Mount Edziza, BC
The MapleCross Fund worked with the BC Parks Foundation to help fund the creation a new 3500-hectare conservancy to protect the environment and wildlife in Tahltan territory, adjacent to Mount Edziza Provincial Park in Northwestern British Columbia.
“Mount Edziza and the surrounding area has always been sacred to the Tahltan Nation. The obsidian from this portion of our territory provided us with weaponry, tools, and trading goods that ensured our Tahltan people could thrive for thousands of years,” said Chad Norman Day, President of Tahltan Central Government. “Working alongside Skeena Resources, the Province, BC Parks Foundation, and the Nature Conservancy of Canada to provide further protection to this area is an initiative we can all take pride in. I am so relieved and thrilled that Mount Edziza is better protected for our future generations.”

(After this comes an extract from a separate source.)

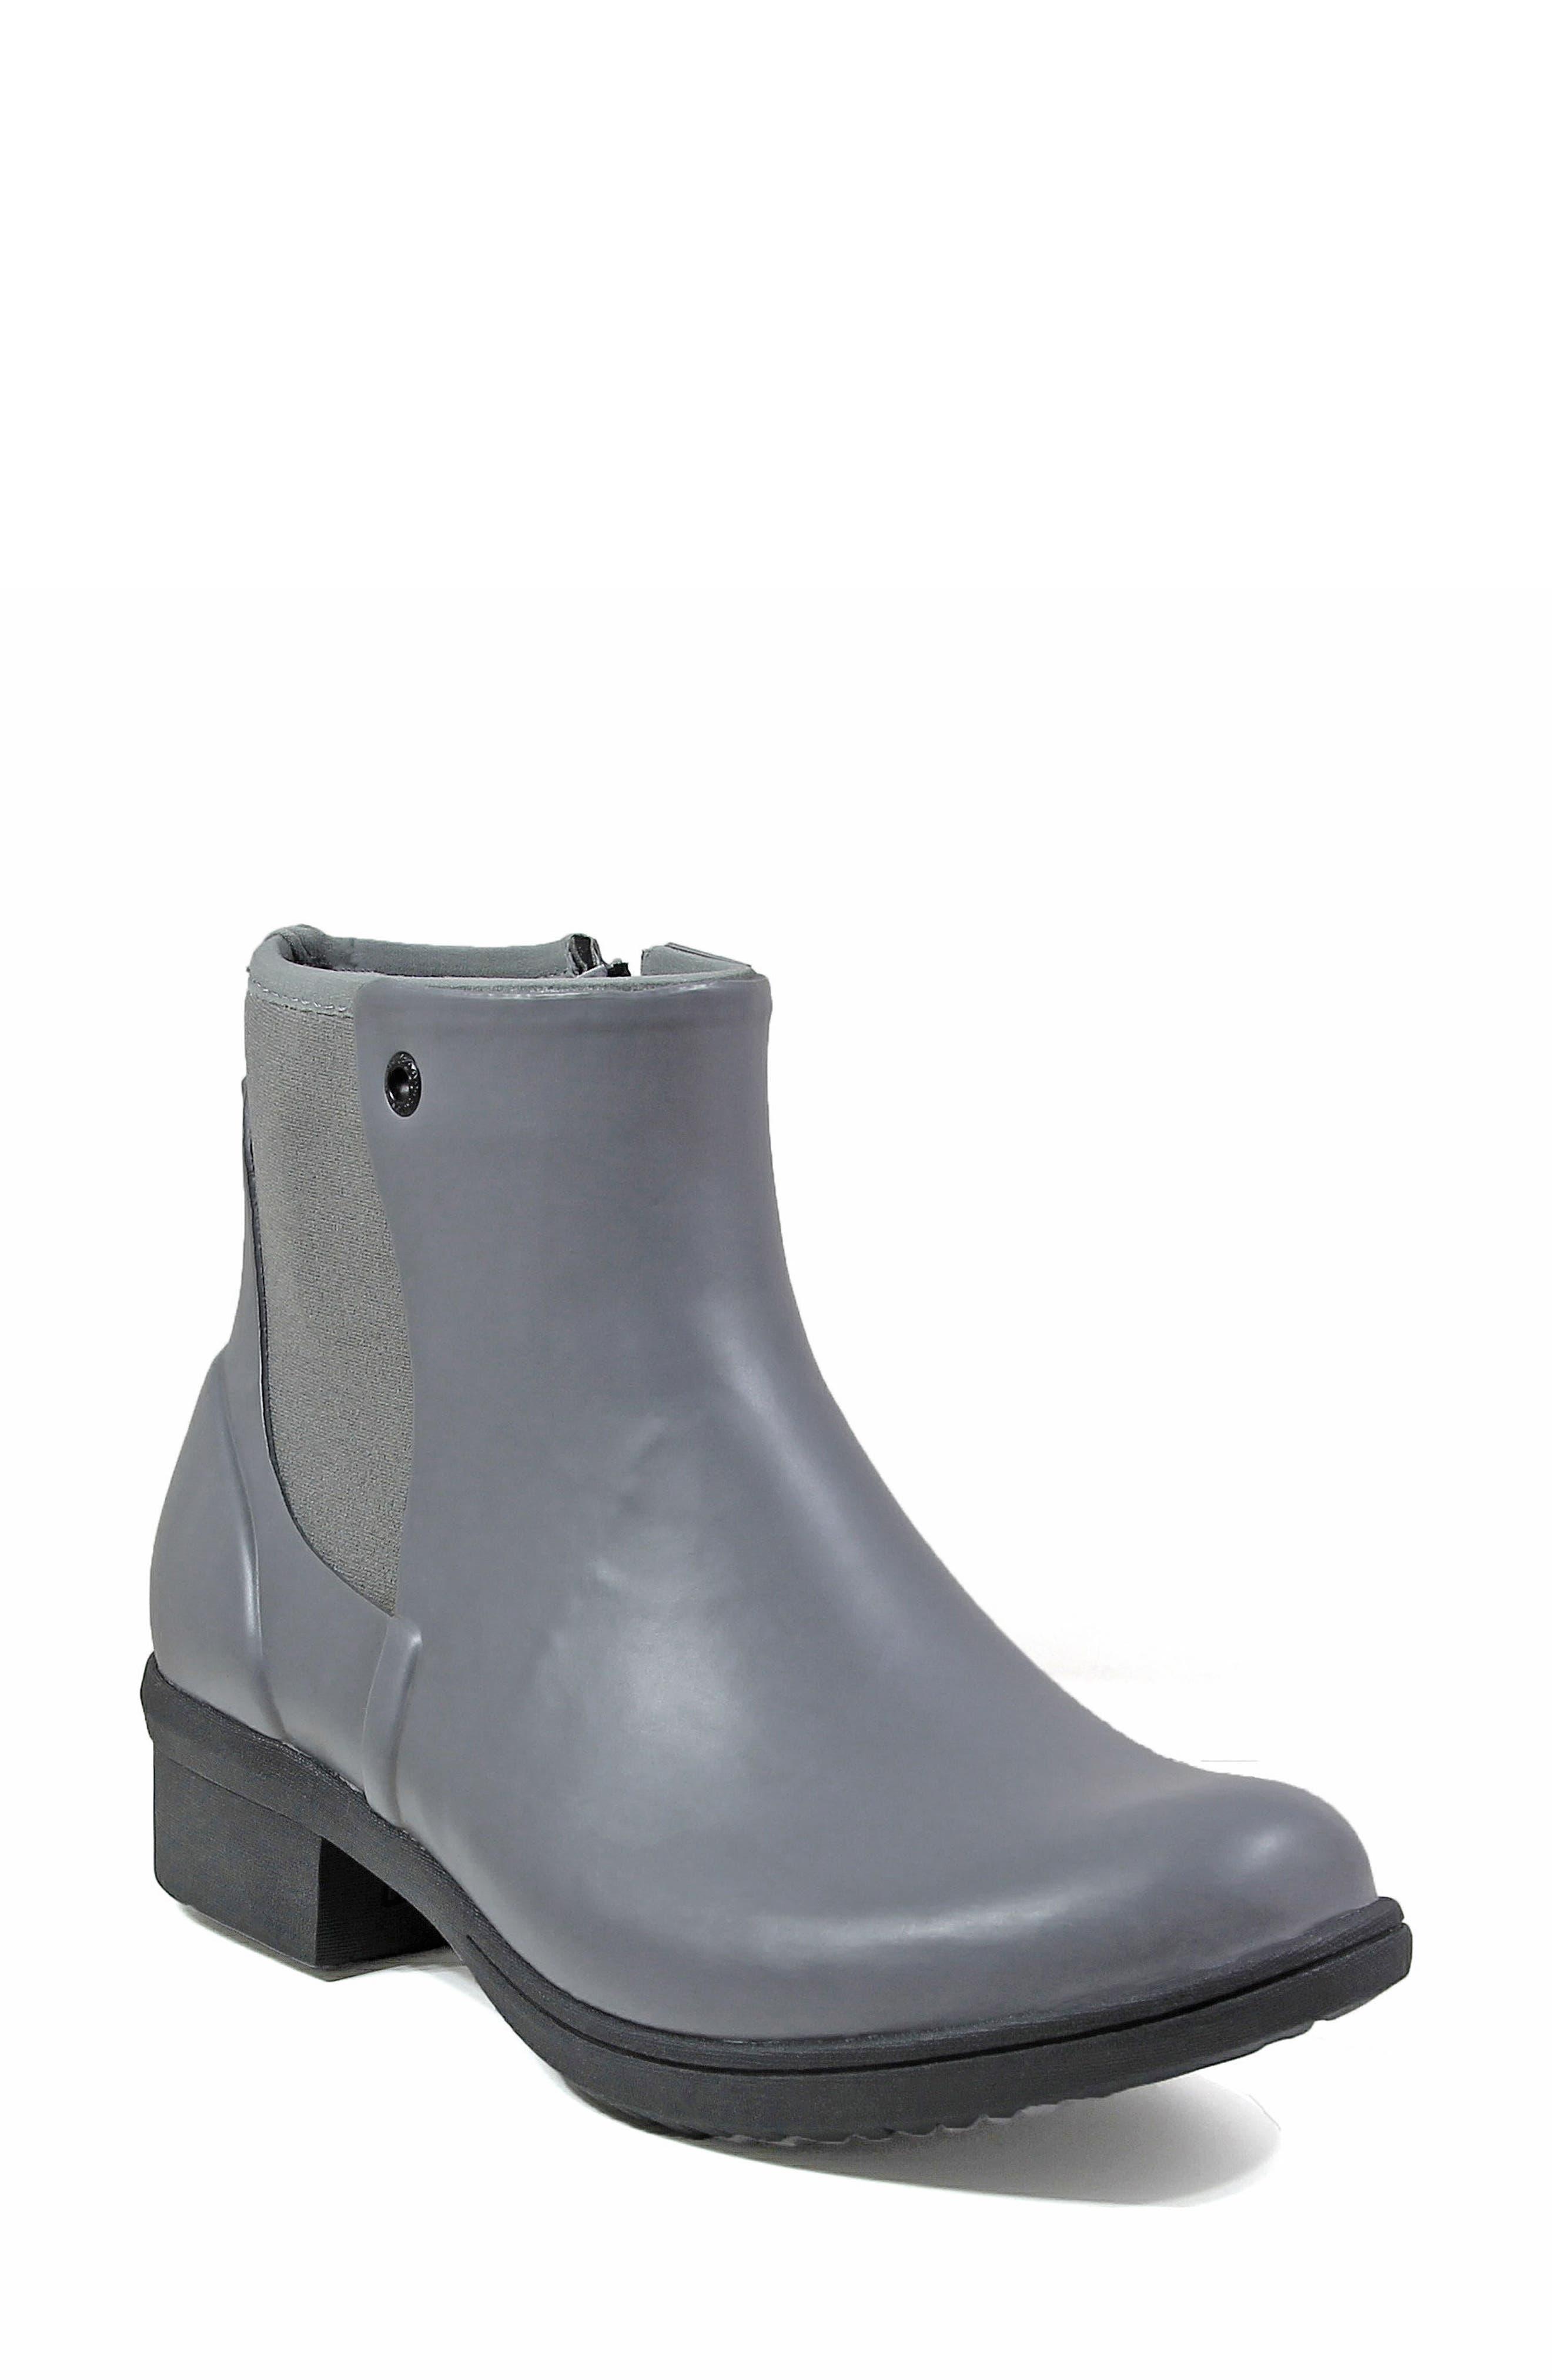 Alternate Image 1 Selected - BOGS Auburn Insulated Waterproof Boot (Women)

The new Conservancy protects a variety of habitats including low-lying forest, alpine meadows, wetlands, and lakes. These habitats are home to grizzly bear, caribou, moose, mountain goat, stone sheep, wolverine and other wildlife including 11 species listed under the federal Species at Risk Act. The area is a headwater into the Iskut River – the largest tributary into the Stikine River system – one of BC’s largest and most intact wild salmon watersheds.
The area was originally considered for inclusion in Mount Edziza Provincial Park when it was created, but was excluded due to the mineral values. This project included a unique partnership between the Tahltan, the company with the mineral tenures – Skeena Resources Ltd, the Province of BC, Nature Conservancy of Canada, and the BC Parks Foundation.
“This is a triple win,” said Andy Day, CEO of the BC Parks Foundation. “Together, we’re protecting a huge area for wildlife and nature, we’re advancing reconciliation, and we’re supporting sustainable recreation and use. We offer our sincere gratitude to MapleCross for getting in the canoe and lending their paddle to this collaboration – it’s part of a great new direction for B.C.”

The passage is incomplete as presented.